Error while using pow() in C++

Question

I was trying to solve a function problem in which I had to count the number of times digit 1 appeared in all non-negative integers less than n(given).

Here's my code:

int ones(int n, int d)
{
    int rounddown = n - n % pow(10, d+1);
    int roundup = rounddown + pow(10, d+1);
    int right = n % pow(10, d);
    int dig = (n/pow(10, d)) % 10;
    if(dig<1)
        return rounddown/10;
    else if(dig==1)
        return rounddown/10 + right + 1;
    else
        return roundup/10;
}

int countDigitOne(int n) {

    int count = 0;
    string s = to_string(n);
    for(int i=0;i<s.length();i++)
    count+=ones(n, i);   
    return count;        
}

But the following compilation error shows up:

Line 3: invalid operands of types '__gnu_cxx::__promote_2::__type {aka double}' and 'int' to binary 'operator%'

Answer 1

The main problem is type conversion. The result of pow is double. The modulo operator does not work for double. You need to take fmod.

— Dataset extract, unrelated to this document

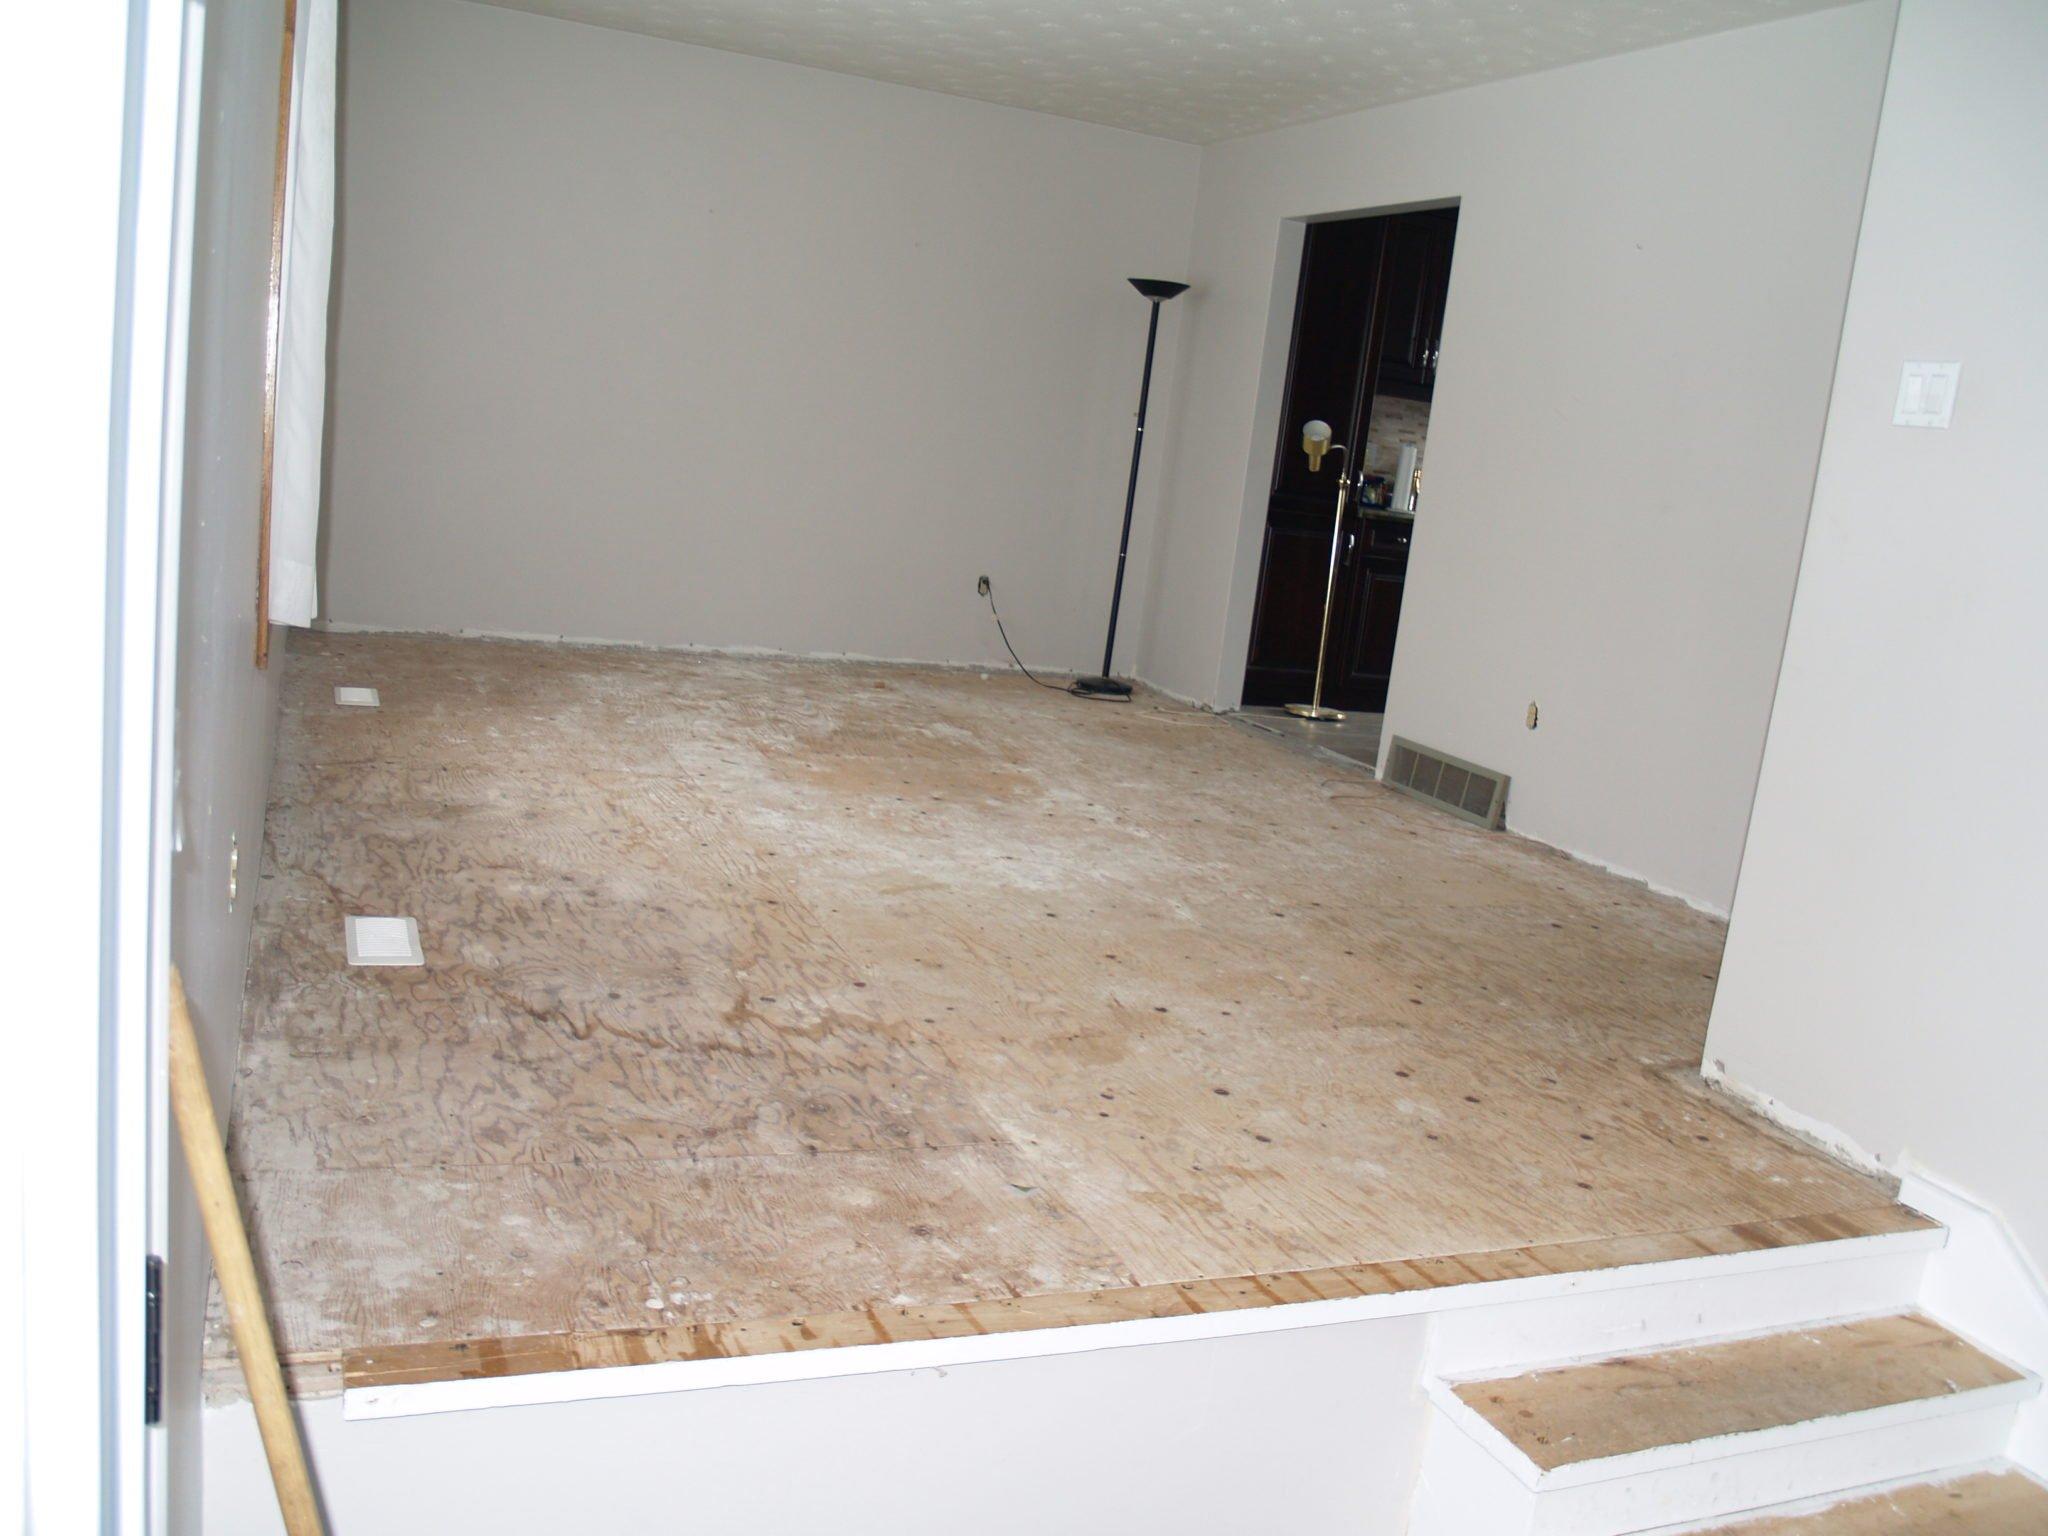 Floor - Stairs - Living room

Fix your line 3 like this:

int rounddown = (int)(n - fmod(n, pow(10, d +1));

Because your values are all in the domain of integer you can also use:

int rounddown = n - n % (int)(pow(10, d + 1));

as suggested by others.

---

Just for completeness ... If you are not forced to use an arithmetic approach you can just char compare:

#include<iostream>
#include<string>

using namespace std;

int countOnesInNumber(string s)
{
    int res = 0;
    for(int i = 0; i < s.length(); i++)
    {
        if(s[i] == '1')
        {
            res++;
        }
    }
    return res;
}

long countOnes(int upper)
{
    long result = 0;
    for(int i = 0; i < upper; i++)
    {
        result += countOnesInNumber(std::to_string(i));
    }
    return result;
}

int main()
{
    string in;
    cout << "Please enter a number:";
    cin >> in;
    cout << endl;
    cout << "you choose:" << in << endl;
    int n = stoi(in);
    cout << "there are " << countOnes(n) << " ones under " << n << endl;

    cin.ignore();
    cin.get();
}

---

There is also a more sophisticated approach. The digits repeat for every magnitude. There is 1 one under 10, there are 10 times 1 one under 100 plus another 10 ones for the number 10...19. And so on. You can just calculate the number of ones under a given magnitude with:

int exp = (int)log10(n);
int ones = exp * (int)pow(10, exp - 1);

where n must be a magnitude of 10 (eg. 10, 100, 1000, 10000 ...). If you are good at maths you might even find a complete closed formula.